[ad_1]
There was no one like her. Barbara Smith, known throughout much of the world simply as “B,” was a trailblazer, a risk taker and an enterprising gate crasher. But she did it all quietly, gracefully, always epitomizing respect for herself and others and a warmth that could melt butter.
“Our baby is gone,” said Audrey Smaltz, hours of after receiving the news that Smith died last night at the age of 70. The two women met more than 50 years ago, when Smaltz was an Ebony Fashion Fair commentator and Smith was a model strutting the traveling show’s runways at the age of 19.
Even then, Smaltz says, “She was a Lady, with a capital “L” – which is not to say she had always followed the rules. If she had done so then the beautiful brown-skinned girl from small-town Pennsylvania would never have pursued a career as a model. The Ebony Fashion Fair was, essentially, her college.
The daughter of a maid and a steelworker, would then move to New York City where she signed with the prestigious Wilhelmina Models agency. She would eventually grace the covers of 15 magazines, including Mademoiselle in 1976, where she was among the first African American women to do so.
While it was her physical beauty that would captivate you at first, it was Smith’s warmth and genuine kindness that would linger long after you’d met. It made her a successful television spokesperson for blue-chip brands such as Mercedes Benz, Colgate Palmolive Oxy and Verizon. That enormous charm also helped make her a star on New York’s restaurant scene in the 1980s and 1990s, where she began as a hostess and soon became a bonafide restauranteur.
Defying The Odds And The Naysayers
Her namesake restaurant in the heart Broadway’s theater district became the place to see and be seen. It boasted a diverse clientele but the Big Apple’s rising black urban professionals staked out a particular claim on its rooftop bar during summertime. B. Smith’s was featured in a 1997 BLACK ENTERPRISE article entitled, “Where Power Players Play.”

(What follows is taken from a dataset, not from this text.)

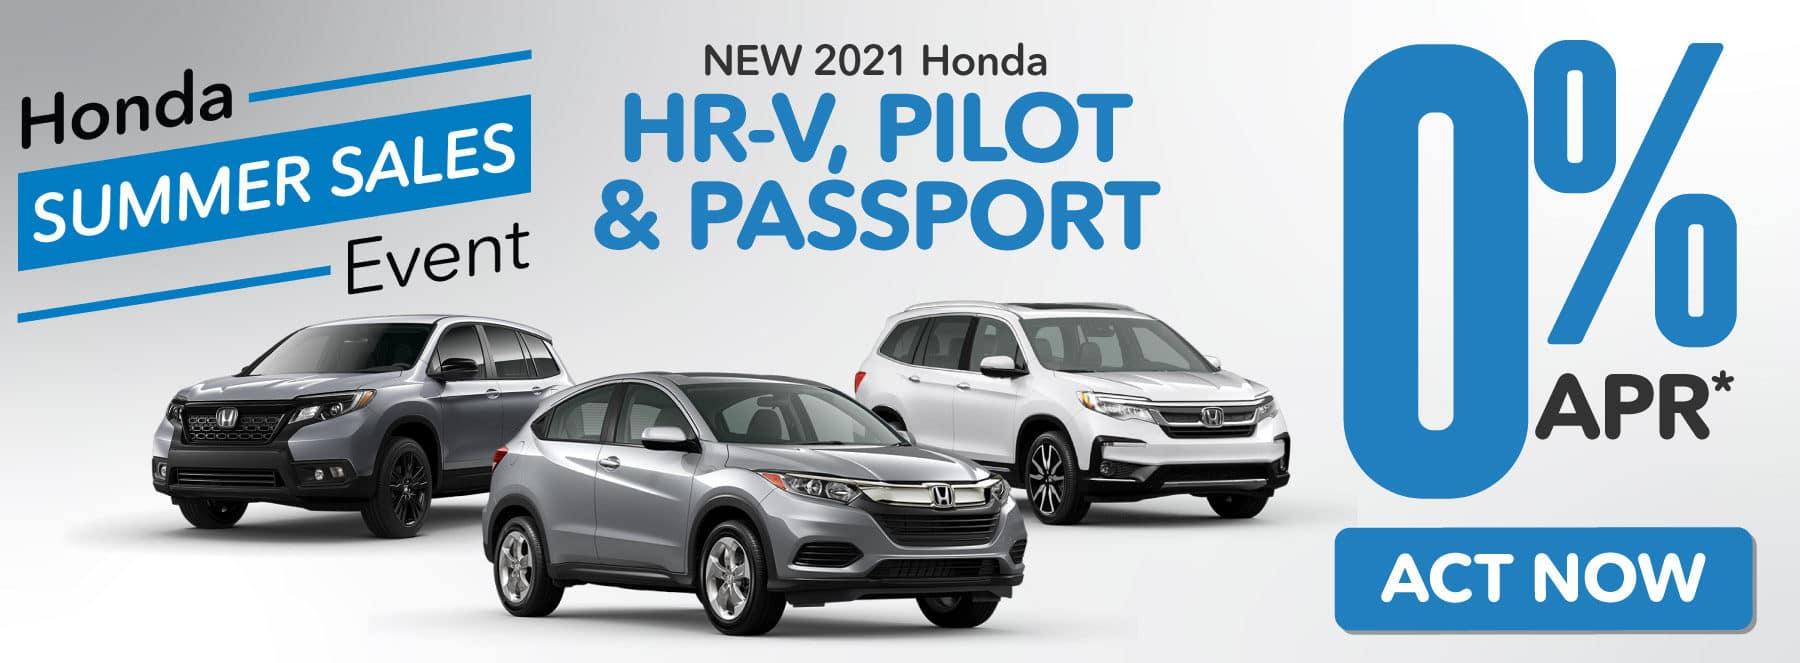 New 2021 Honda HR-V, Pilot, & Passport | 0% APR | ACT NOW

Smith laughingly recalled in an interview with me at the 2010 Women of Power Summit, how even friends and loved ones told her she was crazy when she opted to go into the restaurant business. But she always had a love for feeding people – she used to pretend on her dolls when she was a child — and the doubters never deterred her.
Although she had partners, the restaurant was a huge risk. It bore her name, after all, and it was in arguably the toughest and most competitive restaurant market in the world.
B, however, succeeded by defying the odds and the naysayers. She went on to open chic, successful restaurants in Sag Harbor – a sliver of the posh Hamptons with a historically African American summer enclave – and in Washington, DC’s Union Square Station.
Having known of her for years. it was in Sag Harbor that I finally met B. She owned a distinctive home on a quiet beach there, in the midst of a historically black neighborhood that she loved, where my in-laws, Barbara and Earl Graves, Sr. and her fellow Women of Power Legacy honoree, Susan Taylor, were neighbors.
Smith ran that beach often. I was always struck by how fit and lithe she was. Said Smaltz, who owns all three of Smith’s cookbooks: “I used to tease her and say, how could she cook and eat all this wonderful food and never gain a pound?”
Smith clearly worked at it, but there was something about her running the beach and how peaceful she appeared doing it that made it seem as if it was about more than fitness, it was about wellness and selfcare.
In partnership with her husband, Dan Gasby, Smith leveraged her brand as a consummate hostess, chef, and tastemaker to create a full-scale lifestyle brand. Appearing as a contributor on Good Morning America and The Today Show, she would ultimately host her own syndicated show, B. Smith with Style. She later leveraged that to create the B. Smith with Style Collection. It debuted in Bed, Bath & Beyond in 2001, becoming the first homegoods line from an African American woman to be sold at a nationwide retailer, according to her website. From bedding to bath products, she coined a signature “Afrasian” design concept that buyers flocked to.
Bringing Attention To Alzheimer’s
I am so grateful that Black Enterprise honored Smith with a Women of Power Legacy Award in 2010. She joyfully accepted, and gave a candid and rousing interview before a captive audience. Just a few years later, in 2013, she was diagnosed with early onset Alzheimer’s at the age of 64.
Despite the devastation and the closing of her popular restaurants and sale of her beloved Sag Harbor home, the disease never robbed her of her deep kindness, her open heart, the grace and care with which she treated everyone who approached her, and that megawatt cover girl smile.
Her signature tagline, “Whatever you do, do it with style!” has been on display at the Smithsonian’s National Museum of African American History and Culture and she participated in co-writing her final book, Before I Forget, in 2016. A memoir of her and Gasby’s battle with Alzheimer’s and their journey to acceptance, the book shined a much needed light on the disease’s unique impact African Americans, and black women in particular. Her broad legacy will include the heightened awareness she brought to the disease with her willingness to be open about it, and having gotten it so young.
Smith lived well, she did well, she did good – and she did it all with style! She earned her rest and her eternal peace. May her great legacy live on and on.